Other data content expense was $33.7 million and $25.8 million, respectively, for the nine months ended September 30, 2018 and 2017. Amortization expense included in technology and development for capitalized website development costs and software was $28.0 million and $33.0 million, respectively, for the nine months ended September 30, 2018 and 2017. Amortization expense included in technology and development related to intangible assets recorded in connection with acquisitions was $26.0 million and $29.5 million, respectively, for the nine months ended September 30, 2018 and 2017. Amortization expense included in technology and development for purchased data content intangible assets was $7.5 million for the nine months ended September 30, 2018 and 2017.
General and Administrative
General and administrative expenses were $172.8 million for the nine months ended September 30, 2018 compared to $153.0 million for the nine months ended September 30, 2017, an increase of $19.7 million, or 13%. The increase in general and administrative expenses was primarily due to a $22.6 million increase in headcount-related expenses, including share-based compensation expense, driven primarily by growth in headcount in shared corporate services to support our engineering and other teams, a $6.3 million increase in software and hardware costs, a $2.8 million increase in travel and meals expense, a $1.6 million increase in building lease-related expenses including rent, utilities and insurance, a $1.4 million increase in city and state taxes and a $0.9 million increase in professional services fees, partially offset by a $10.6 million decrease in estimated legal liabilities and a $4.8 million decrease in bad debt expense.
Impairment Costs
Impairment costs for the nine months ended September 30, 2018 consisted of the $10.0 million non-cash impairment related to our June 2017 equity investment. For additional information about the impairment, see Note 9 to our condensed consolidated financial statements. There were no impairment costs for the nine months ended September 30, 2017.
Acquisition-Related Costs
Acquisition-related costs were $2.1 million for the nine months ended September 30, 2018 and related to our acquisition of MLOA. Acquisition-related costs were $0.4 million for the nine months ended September 30, 2017, primarily due to our January 2017 acquisition of Hamptons Real Estate Online, now Out East, and our September 2017 acquisition of New Home Feed.
Integration Costs
Integration costs were $0.5 million for the nine months ended September 30, 2018 and primarily consisted of professional consulting services fees. There were no integration costs for the nine months ended September 30, 2017.
Interest Expense
Interest expense was $26.5 million for the nine months ended September 30, 2018, compared to $20.5 million for the nine months ended September 30, 2017.

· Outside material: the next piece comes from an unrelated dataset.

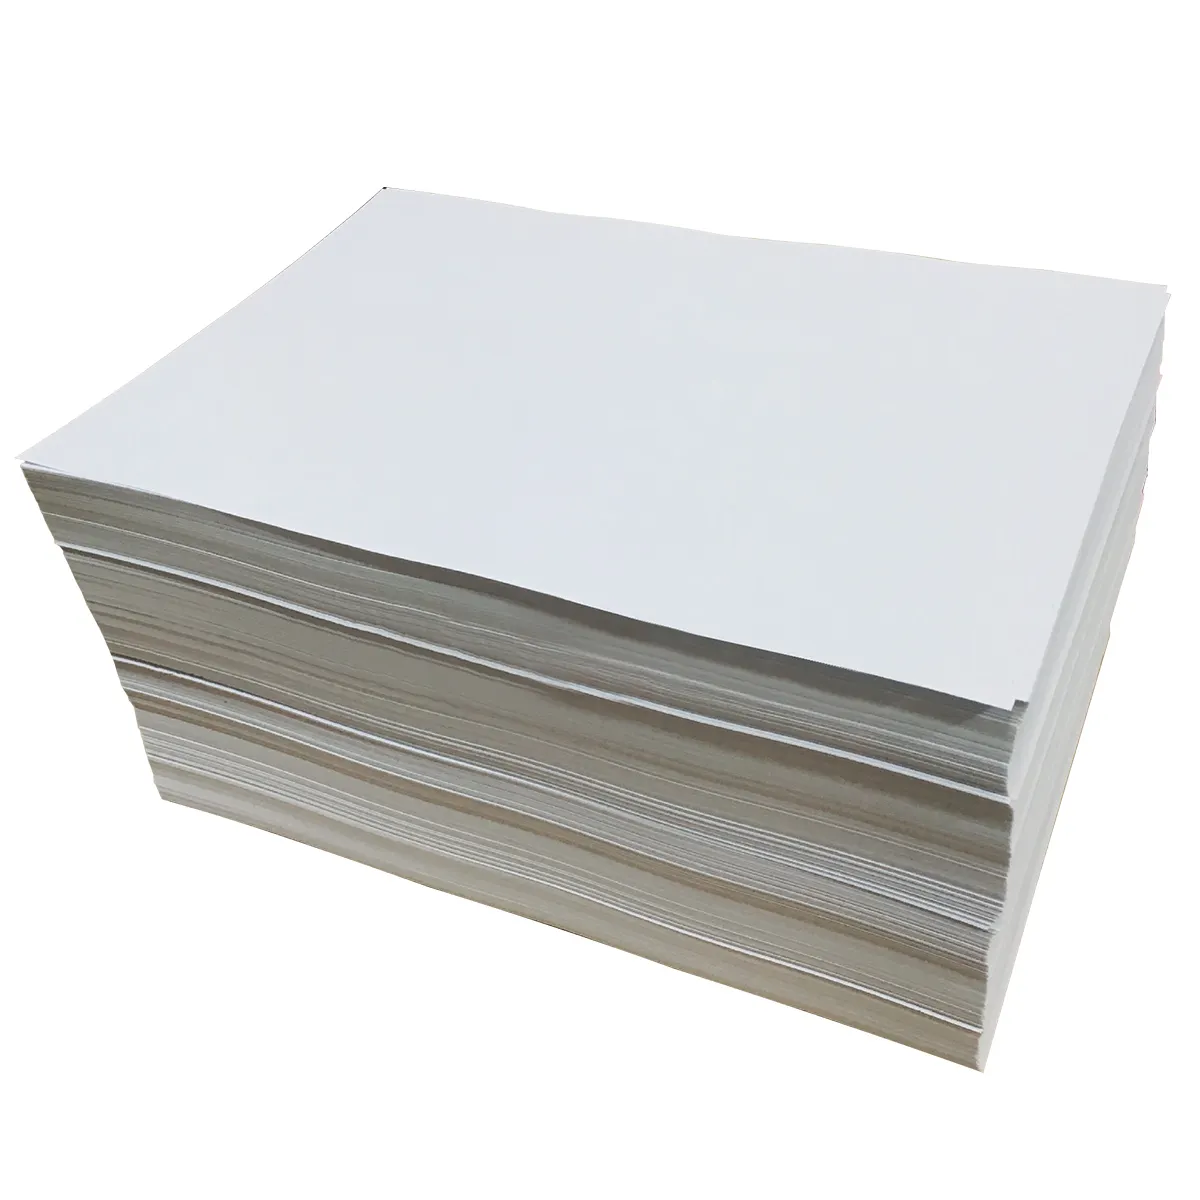 80gsm กระดาษแผ่นสีขาวปล่อยกระดาษเคลือบซิลิโคน

For the nine months ended September 30, 2018, interest expense primarily related to the 2021 Notes. Beginning in July 2018, interest expense also related to the 2023 Notes that were issued on July 3, 2018.
For the nine months ended September 30, 2017, interest expense primarily related to the 2021 Notes.
For additional information regarding the 2021 Notes and the 2023 Notes, see Note 12 to our condensed consolidated financial statements.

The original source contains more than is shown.